[Directions for this task] No image is to be carried over; reproduce the rest of the listing word for word.

[Recorded information]
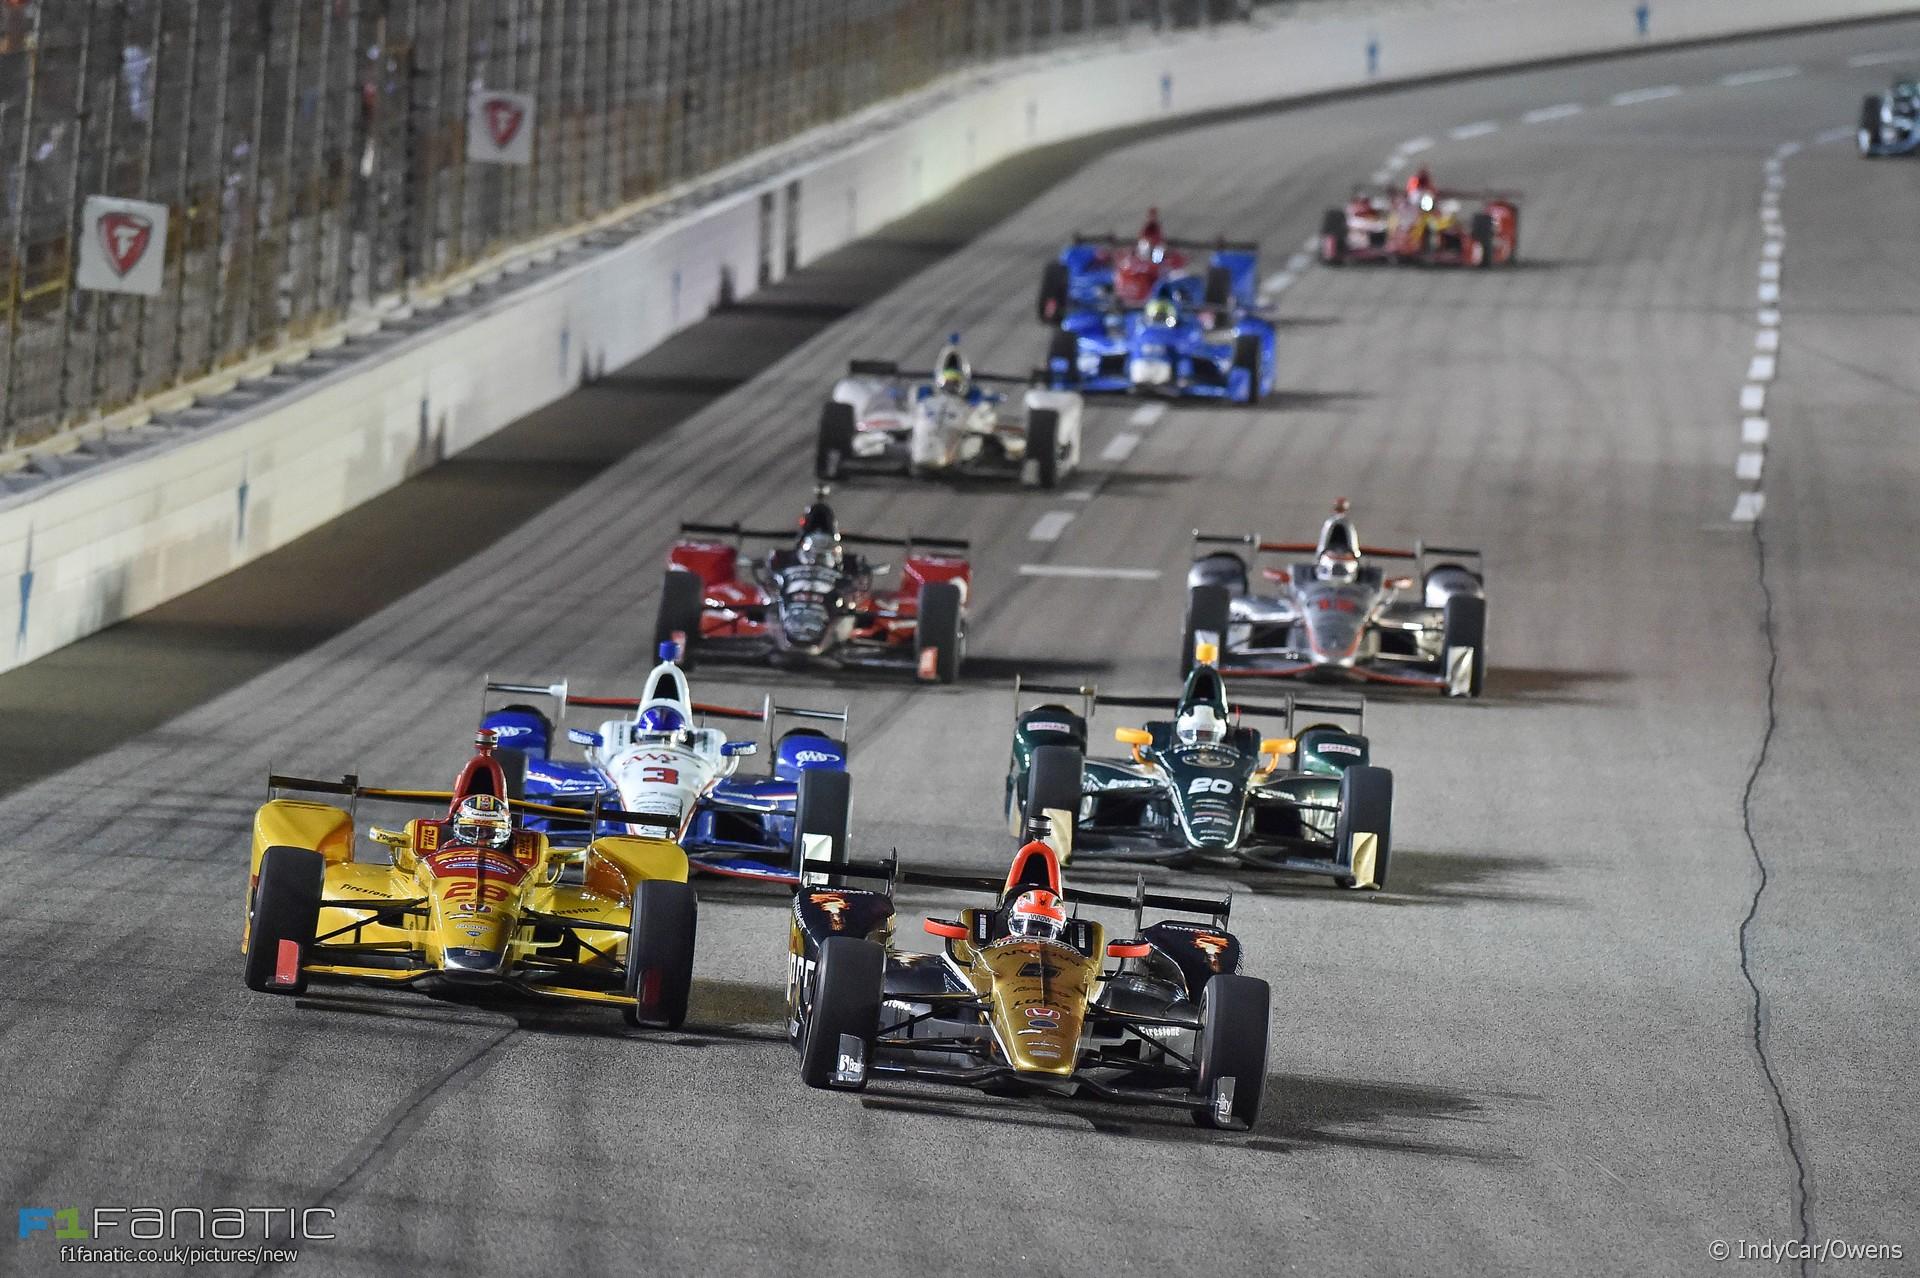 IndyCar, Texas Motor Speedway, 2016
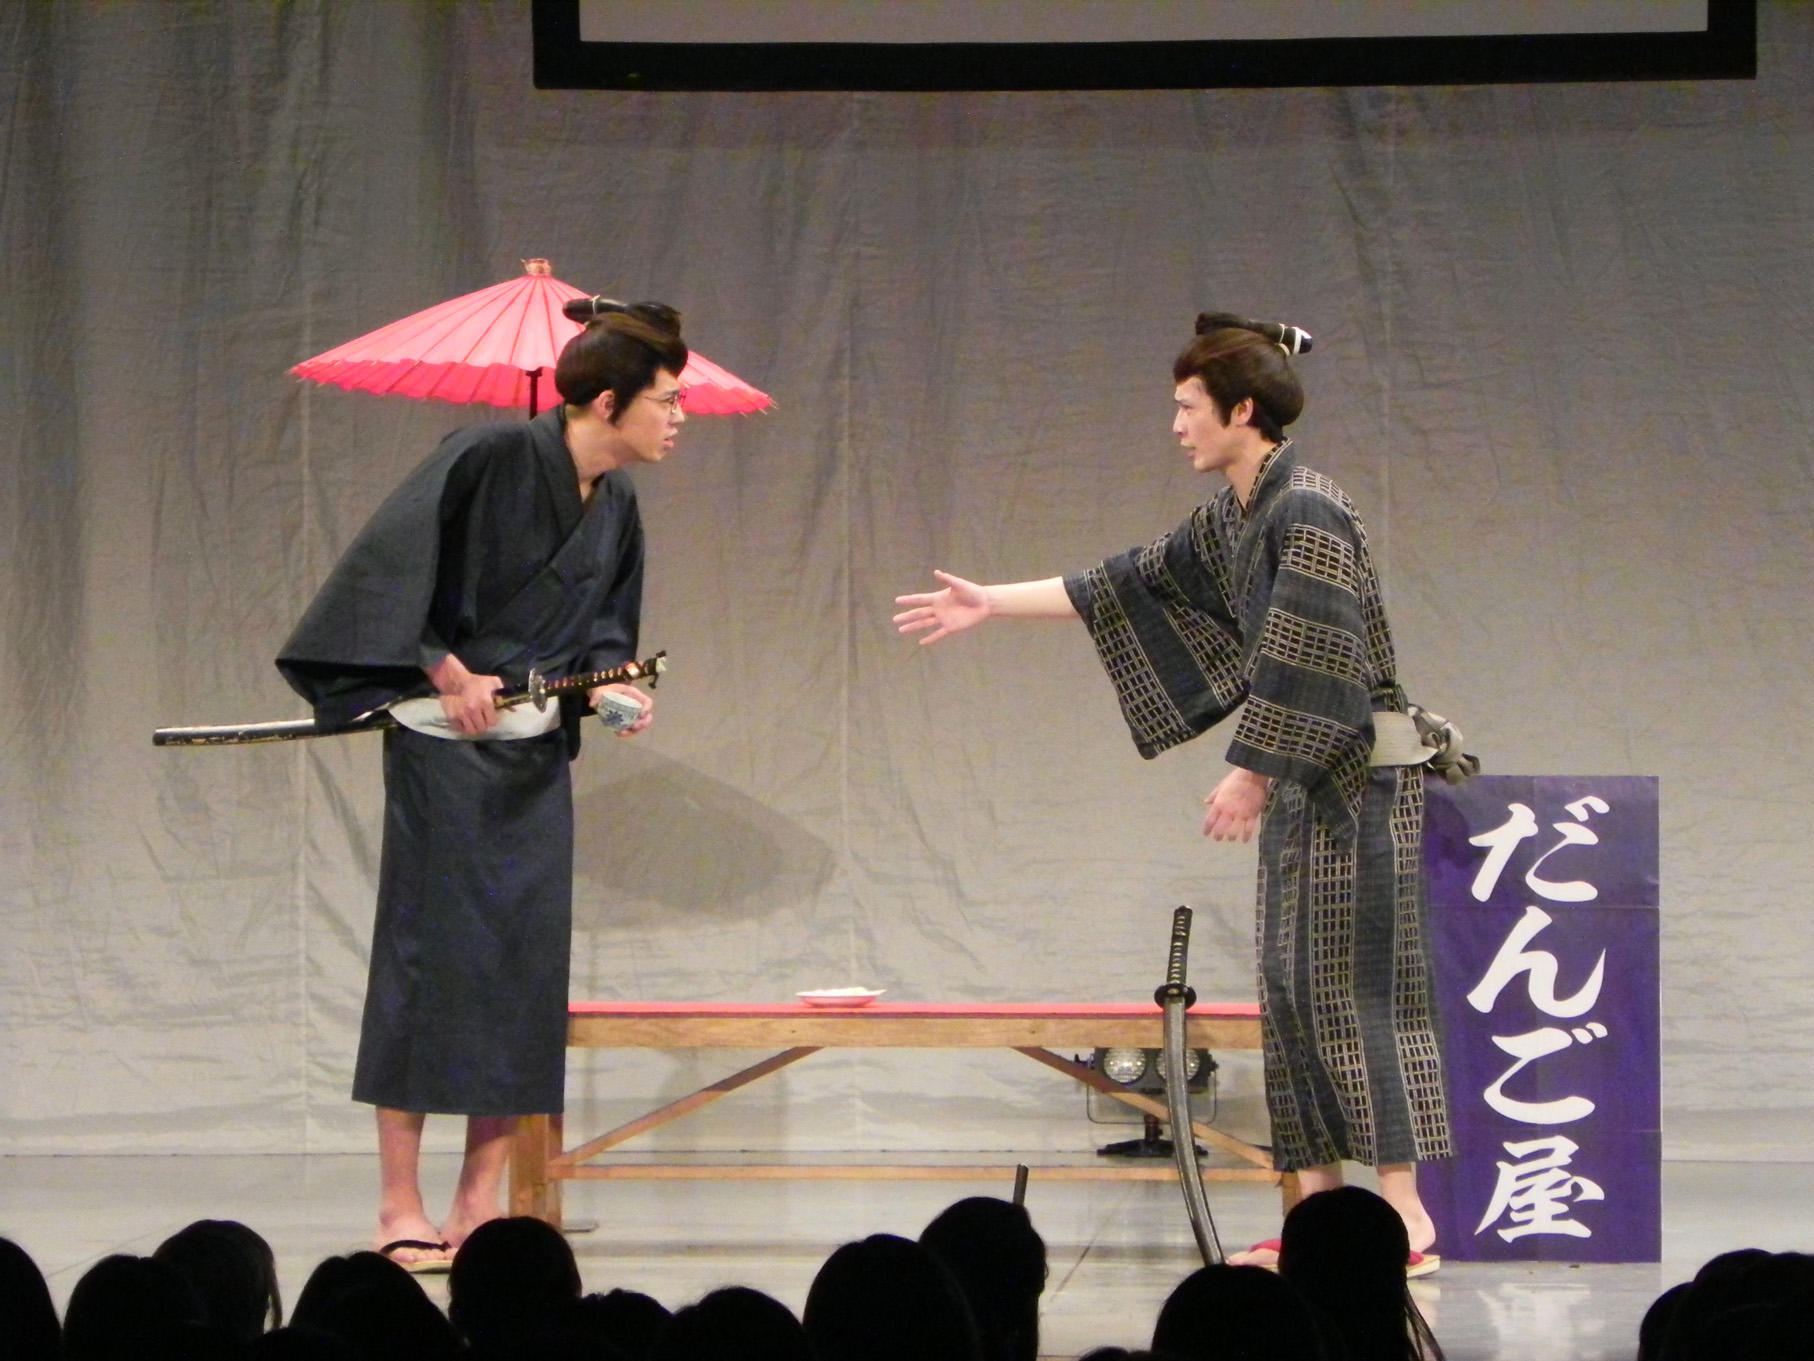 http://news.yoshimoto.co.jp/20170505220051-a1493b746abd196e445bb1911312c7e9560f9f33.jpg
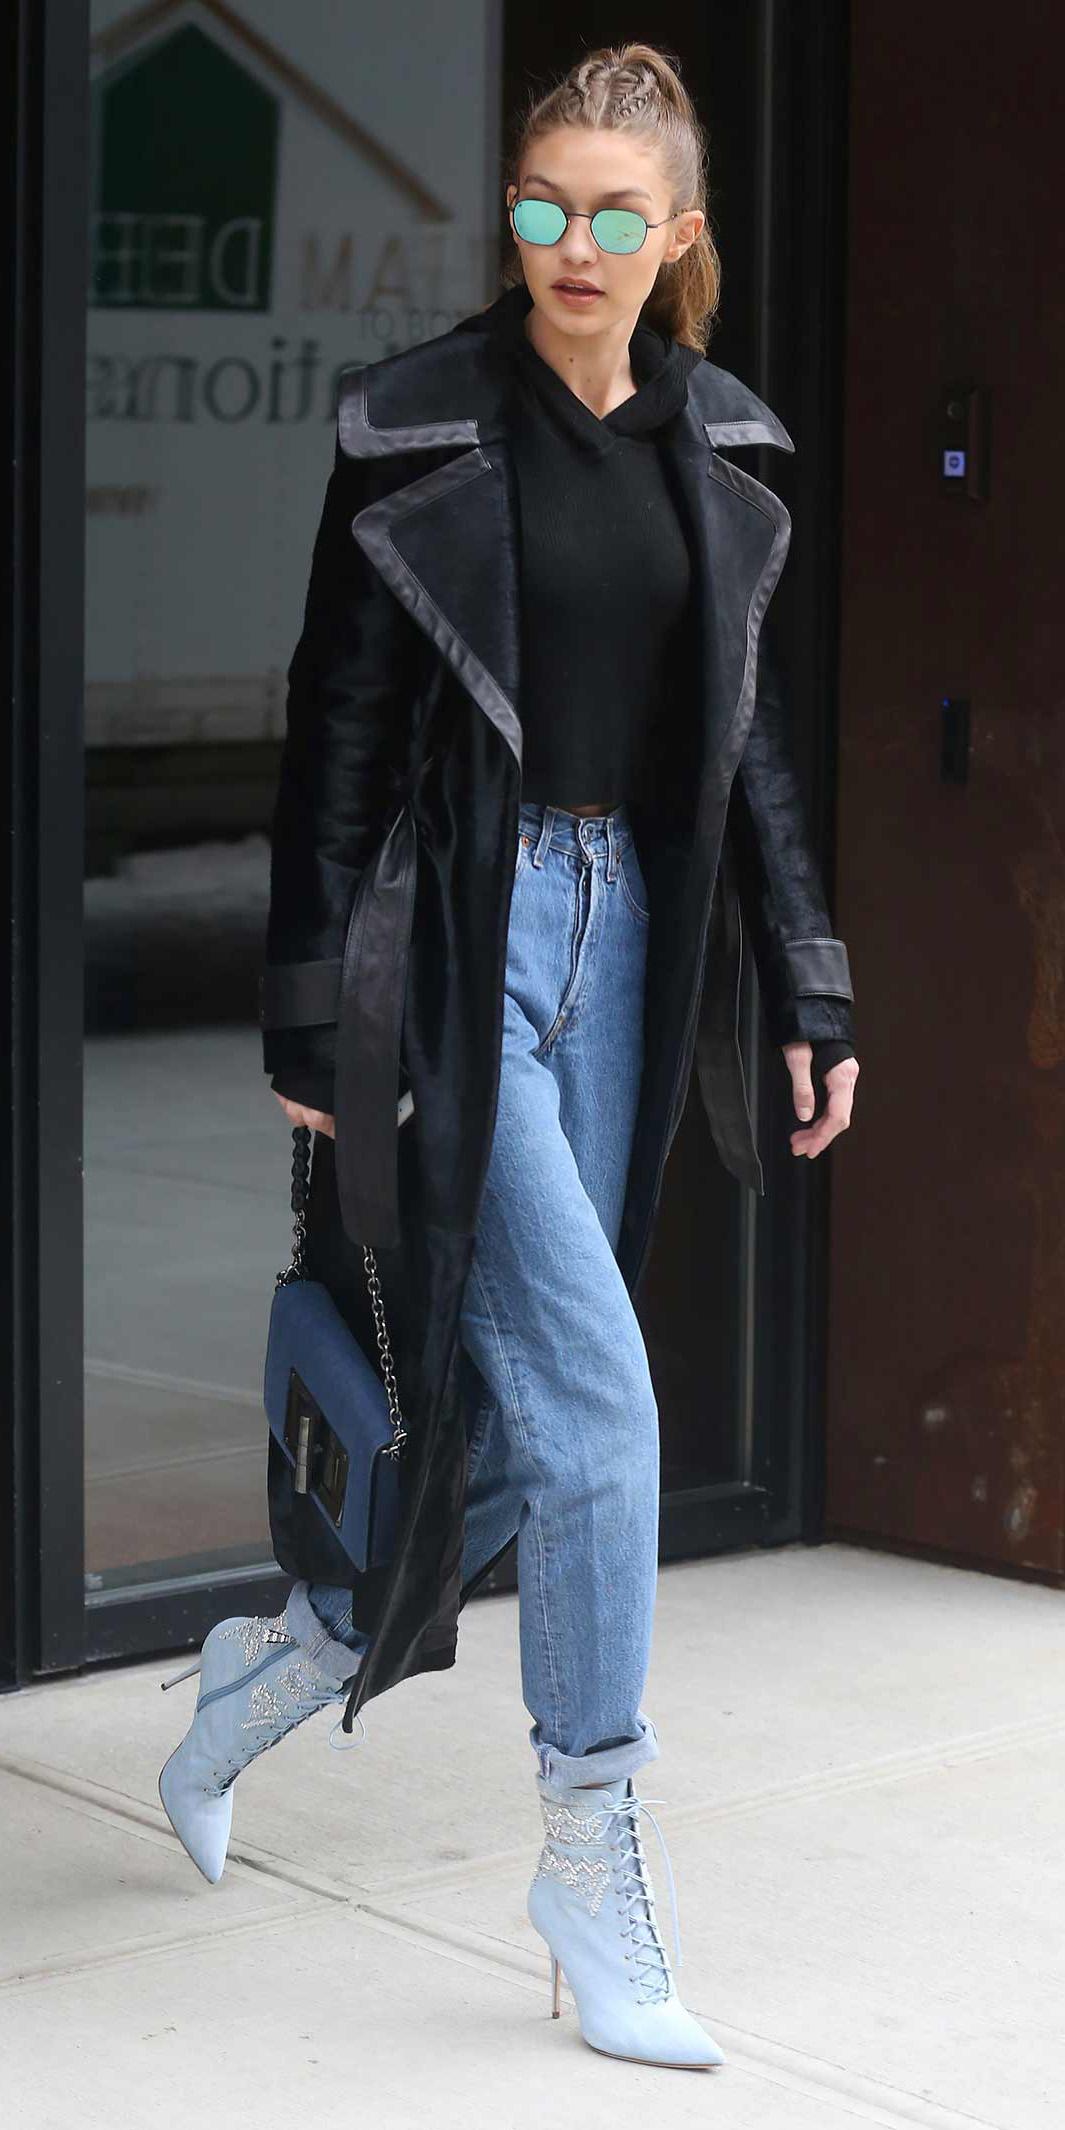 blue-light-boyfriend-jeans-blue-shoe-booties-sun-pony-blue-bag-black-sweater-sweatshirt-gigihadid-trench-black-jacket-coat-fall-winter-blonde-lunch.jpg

[Result]
 IndyCar, Texas Motor Speedway, 2016
 http://news.yoshimoto.co.jp/20170505220051-a1493b746abd196e445bb1911312c7e9560f9f33.jpg
 blue-light-boyfriend-jeans-blue-shoe-booties-sun-pony-blue-bag-black-sweater-sweatshirt-gigihadid-trench-black-jacket-coat-fall-winter-blonde-lunch.jpg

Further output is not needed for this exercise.